L’incitation à l’investissement locatif. Plusieurs dispositifs se sont succédés depuis la loi Méhaignerie en 1986 (tendant à

favoriser l'investissement locatif, l'accession à la propriété de logements sociaux et le développement de l'offre foncière), avec l’objectif d’inciter des ménages à réaliser des investissements locatifs dans la construction neuve, en leur accordant des crédits d’impôts. La loi Scellier en 2009 exclut les zones denses les moins tendues du dispositif. Les études montrent que ces dispositifs n’auraient pas augmenté la production de logements mais auraient entrainé une augmentation des prix de 1% dans les territoires proches de la frontière entre les zones inclues et exclues du dispositif.

L’effet inflationniste des aides personnalisées au logement et la régulation des loyers. Les aides à la personne se sont

fortement développées en France, notamment l’aide personnalisée au logement (APL). Si la construction n'augmente pas suffisamment suite à une hausse des aides au logement (faible élasticité-prix), alors les loyers ou les prix s'ajusteront à la hausse pour équilibrer l'offre et la demande. Ce sont donc les propriétaires qui dans ce cas profitent des aides. On parle d’effet inflationniste des aides. Sur les 40 dernières années, les loyers n’ont été fixés librement lors des nouvelles locations ou des renouvellements de bail que durant les années 1986 à 1989. Des études montrent l’impact négatif à long terme de l’encadrement des loyers sur l’entretien des logements et le développement de l’offre.

Les aides à l’accession à la propriété : l’effet du prêt à taux zéro (PTZ). Initialement réservé à l’achat de logement neuf,

le PTZ est actuellement également ouvert à l’achat dans l’ancien avec travaux. Le PTZ a eu un effet inflationniste sur le prix des terrains. L’analyse de ces évolutions est menée en comparant l’évolution des prêts accordés et des prix des logements aux frontières entre différentes zones, suite à l’augmentation différenciée des montants de PTZ. Les résultats montrent que les conditions plus généreuses du prêt à taux zéro conduisent les banques à augmenter le volume des crédits accordés aux ménages, et qu’une grande partie de cette augmentation se traduit en hausse de prix.

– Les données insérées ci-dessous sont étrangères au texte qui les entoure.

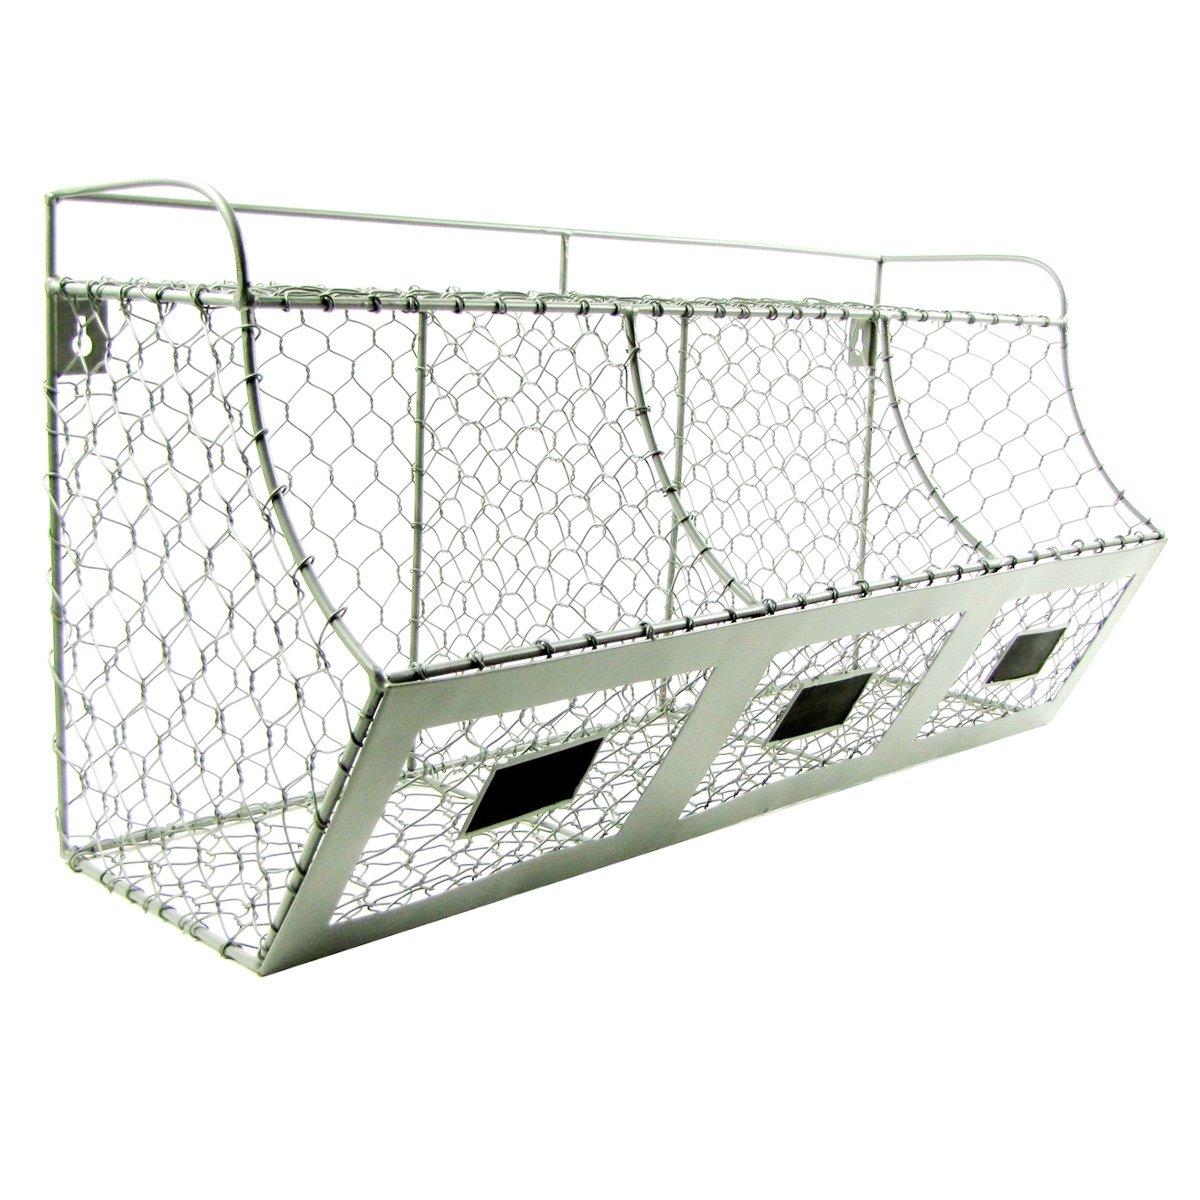 Amazon.com: Rustic Chicken Wire Wall Storage 3 Bin Basket ...
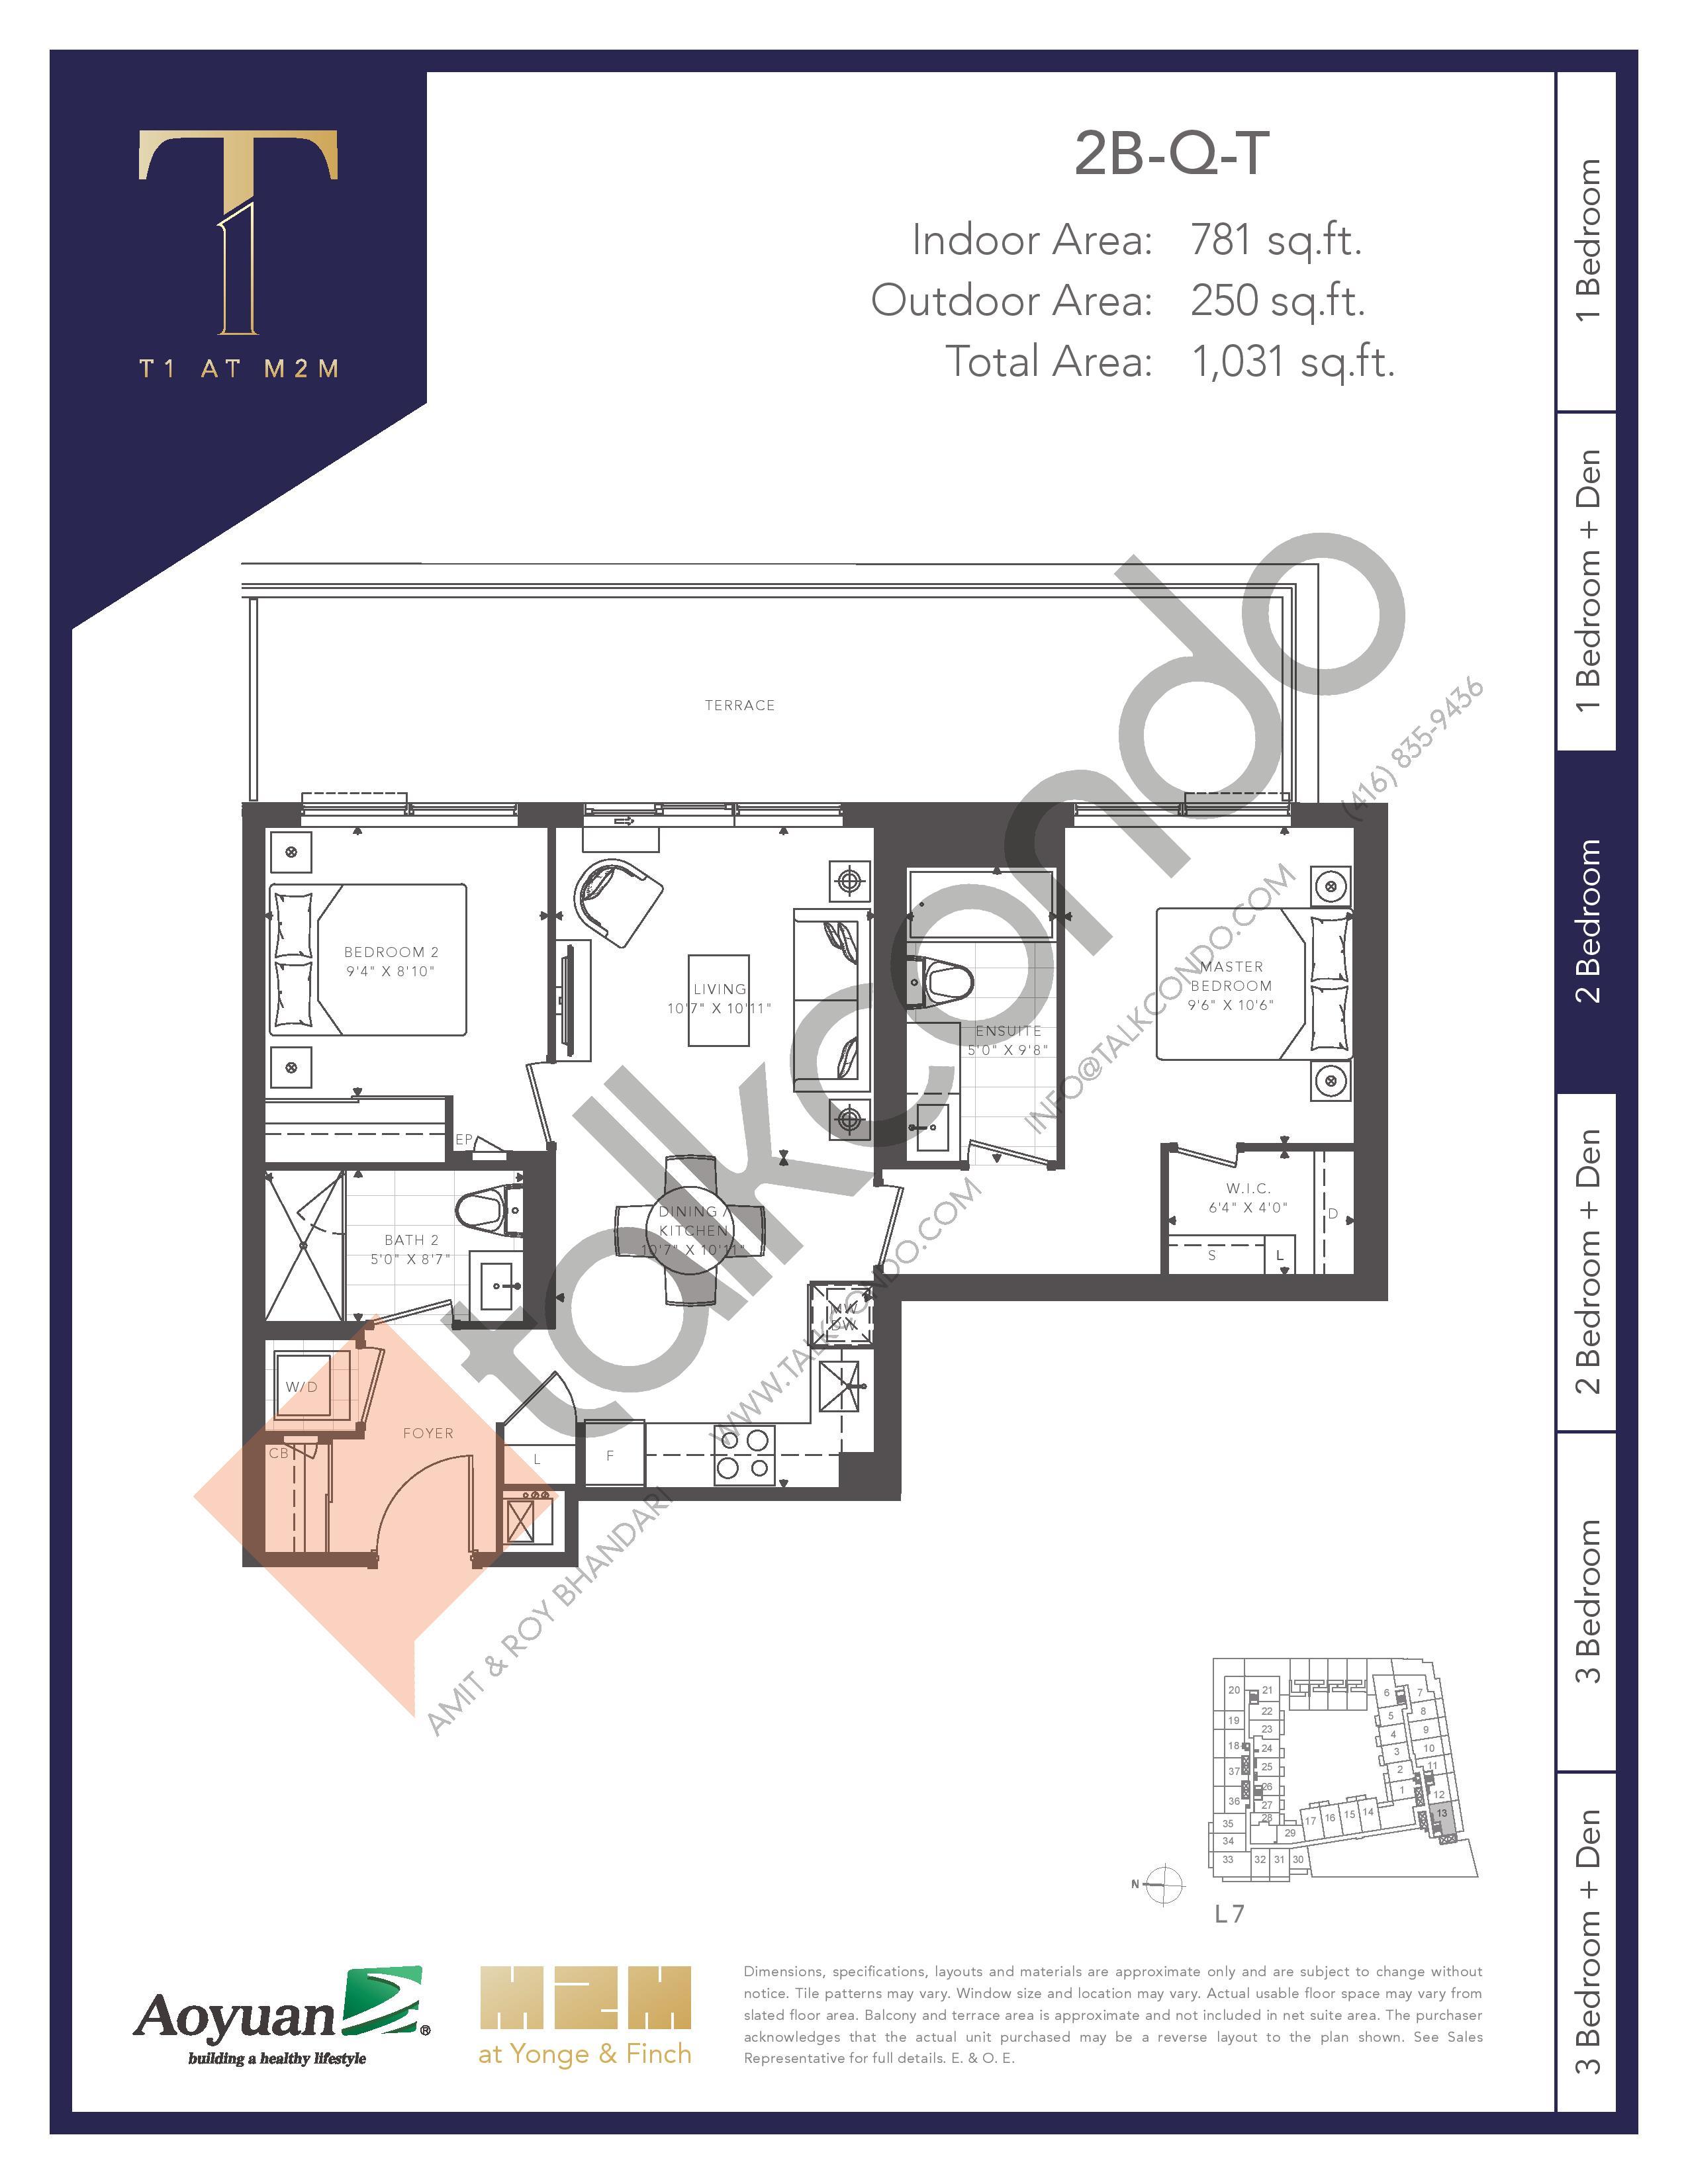 2B-Q-T (Tower) Floor Plan at T1 at M2M Condos - 781 sq.ft

Les politiques de subvention à des zones particulières. Les politiques ciblant certains territoires ont été développées pour

faire face à d’importantes disparités territoriales. Les politiques de subvention à des zones particulières peuvent être importantes pour des cas particuliers – par exemple quand une population défavorisée ne peut pas déménager ou se déplacer et qu’il n’y a pas de travail dans ce territoire, il peut alors être justifié d’inciter financièrement à la mobilité des travailleurs – mais ces politiques sont généralement capitalisées dans les loyers et récupérées par les propriétaires.

Les gouvernements justifient généralement ce type d’interventions par des arguments d’équité, un argumentaire contredit par les économistes qui prônent des moyens plus directs (taxation des revenus plus progressive, allocation sur critères de ressources) pour diminuer les inégalités, et craignent les éventuels effets inflationnistes des politiques ciblées.

Pour favoriser l’installation d’entreprises dans les zones touchées par le chômage, des zones ont été définies et classées mais les études montrent que l’impact de ces programmes sur les créations d’entreprises et d’emploi est limité et temporaire au regard de leurs coûts importants. Toutefois, ces politiques sont plus efficaces lorsque les zones concernées ont une bonne accessibilité.